252

My data can have multiple events on a given date or NO events on a date. I take these events, get a count by date and plot them. However, when I plot them, my two series don't always match.

idx = pd.date_range(df['simpleDate'].min(), df['simpleDate'].max())
s = df.groupby(['simpleDate']).size()

In the above code idx becomes a range of say 30 dates. 09-01-2013 to 09-30-2013 However S may only have 25 or 26 days because no events happened for a given date. I then get an AssertionError as the sizes dont match when I try to plot:

fig, ax = plt.subplots()    
ax.bar(idx.to_pydatetime(), s, color='green')

What's the proper way to tackle this? Do I want to remove dates with no values from IDX or (which I'd rather do) is add to the series the missing date with a count of 0. I'd rather have a full graph of 30 days with 0 values. If this approach is right, any suggestions on how to get started?
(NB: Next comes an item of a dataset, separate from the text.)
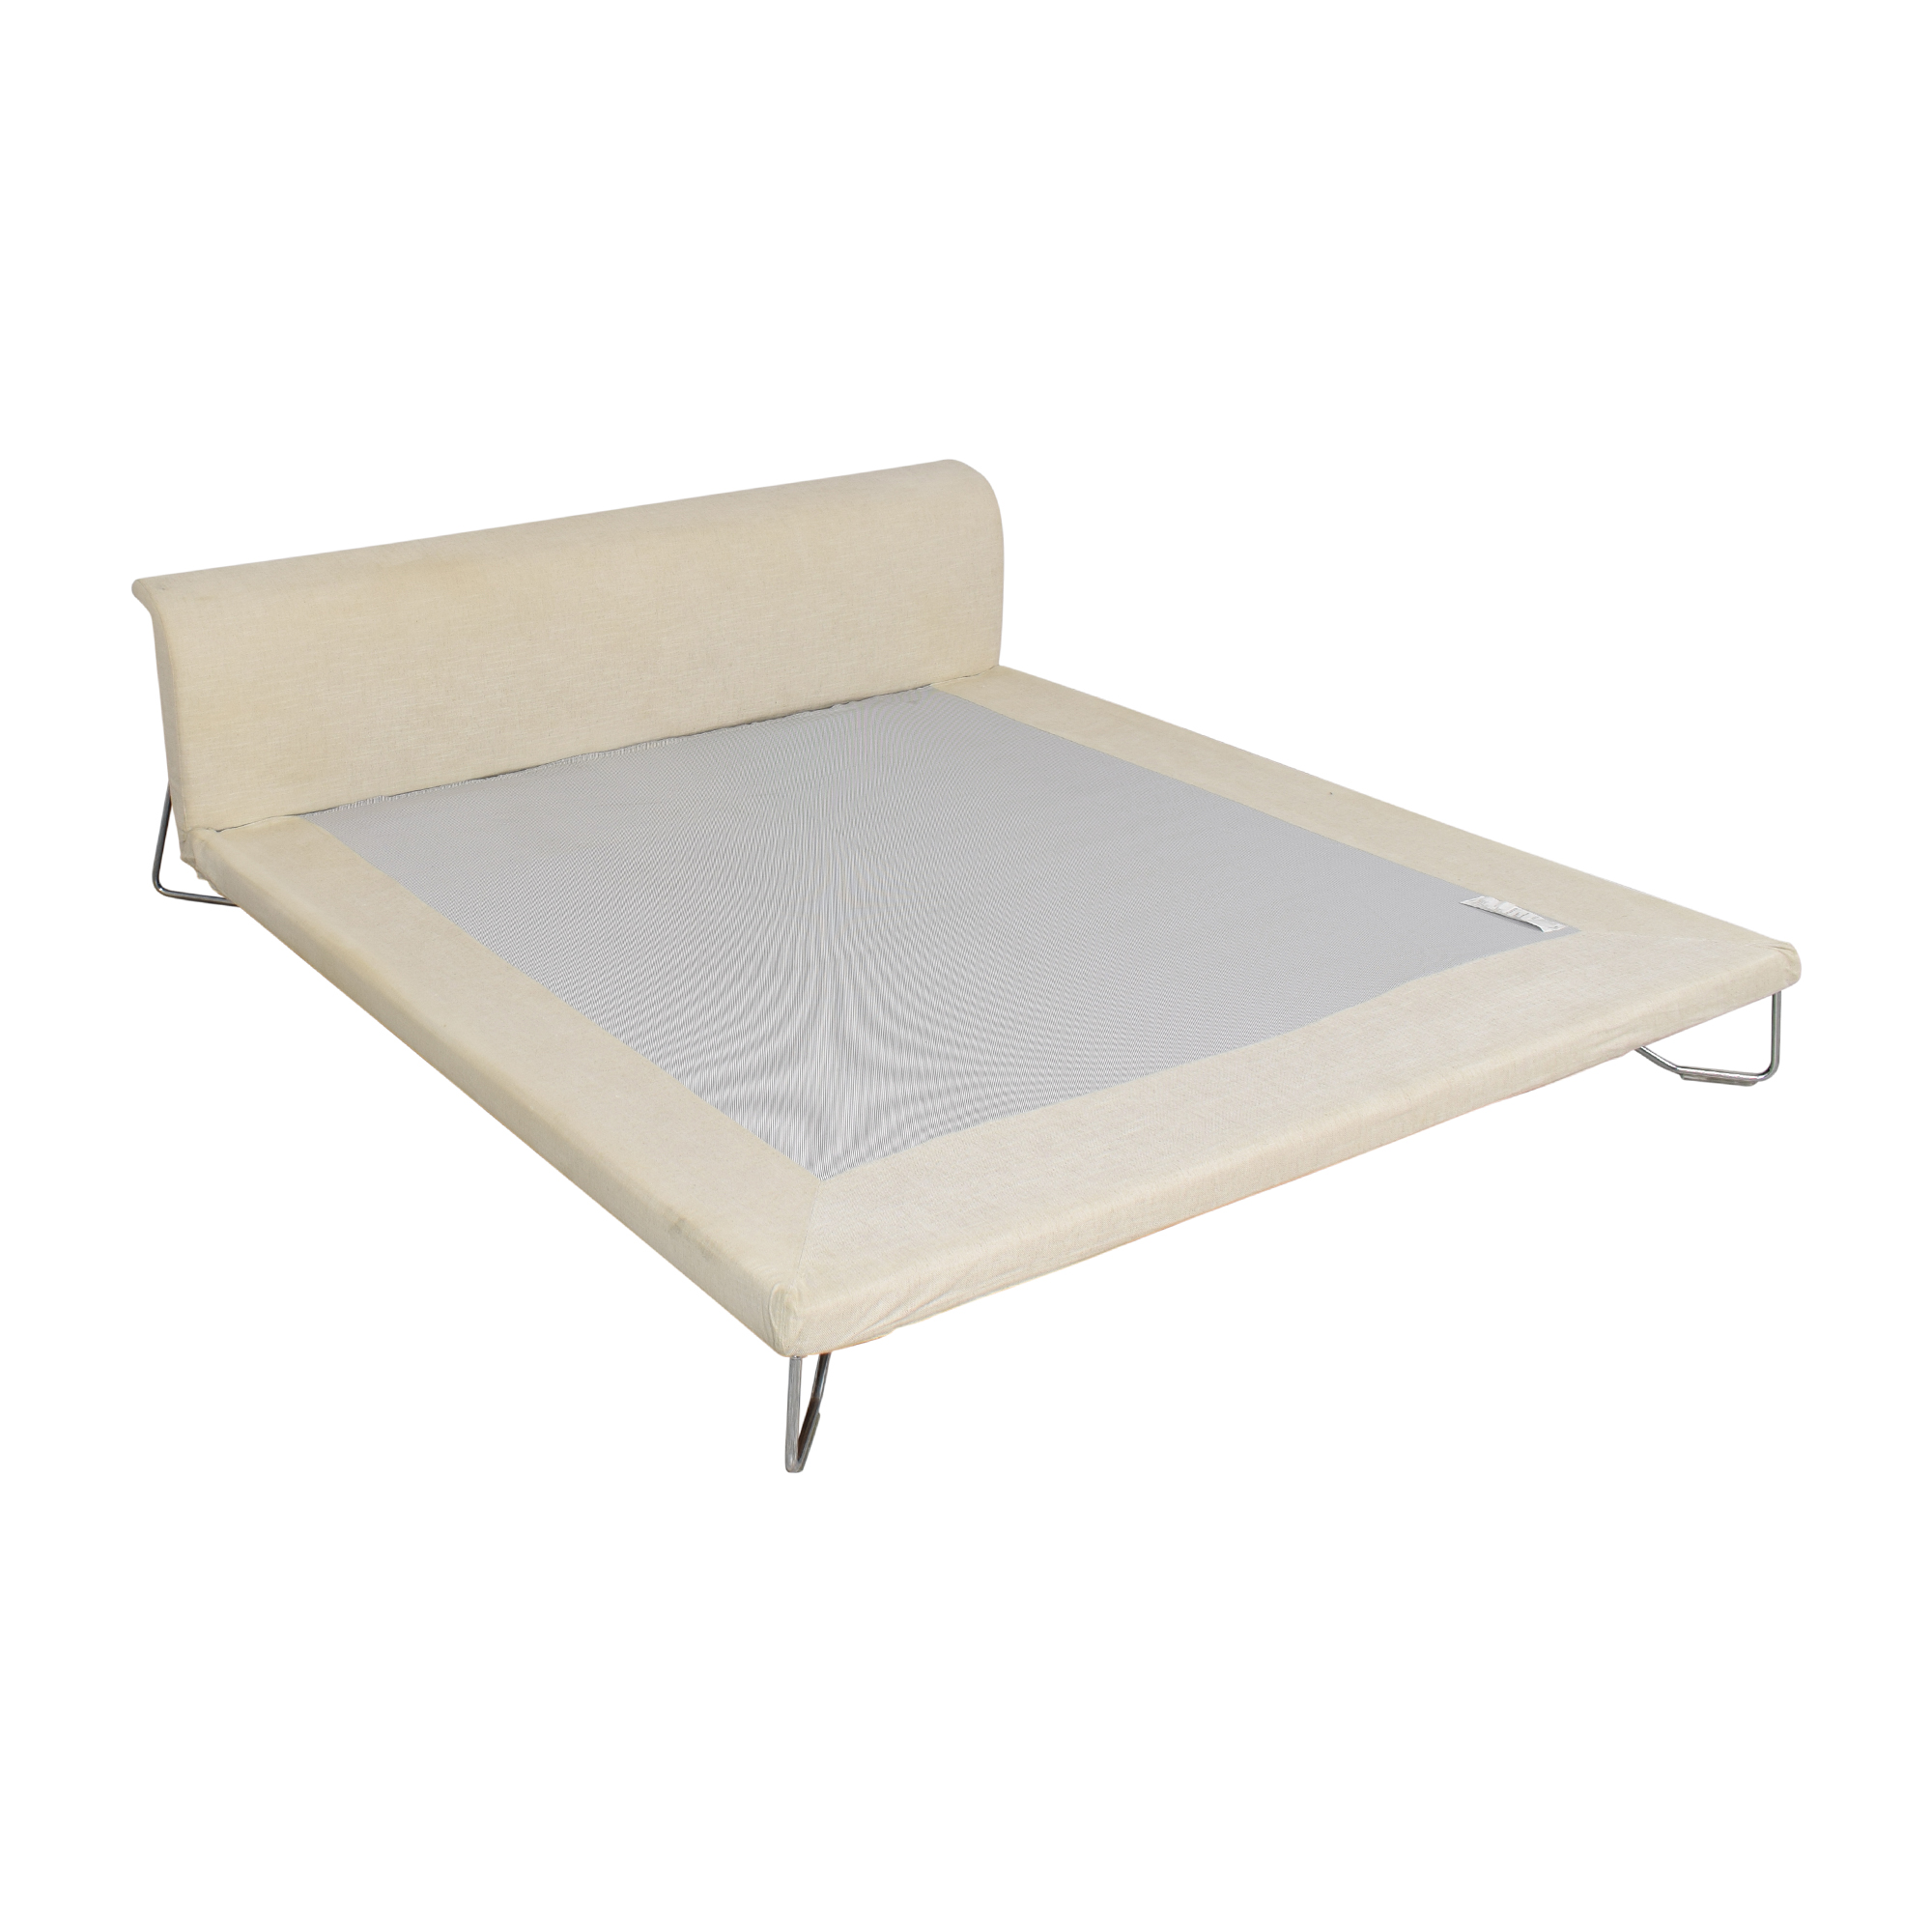 Tacchini Tacchini Barry Modern King Bed nyc

Do I need some sort of dynamic reindex function?

Here's a snippet of S ( df.groupby(['simpleDate']).size() ), notice no entries for 04 and 05.

09-02-2013     2
09-03-2013    10
09-06-2013     5
09-07-2013     1
0

7 Answers 7

429

You could use Series.reindex:

import pandas as pd

idx = pd.date_range('09-01-2013', '09-30-2013')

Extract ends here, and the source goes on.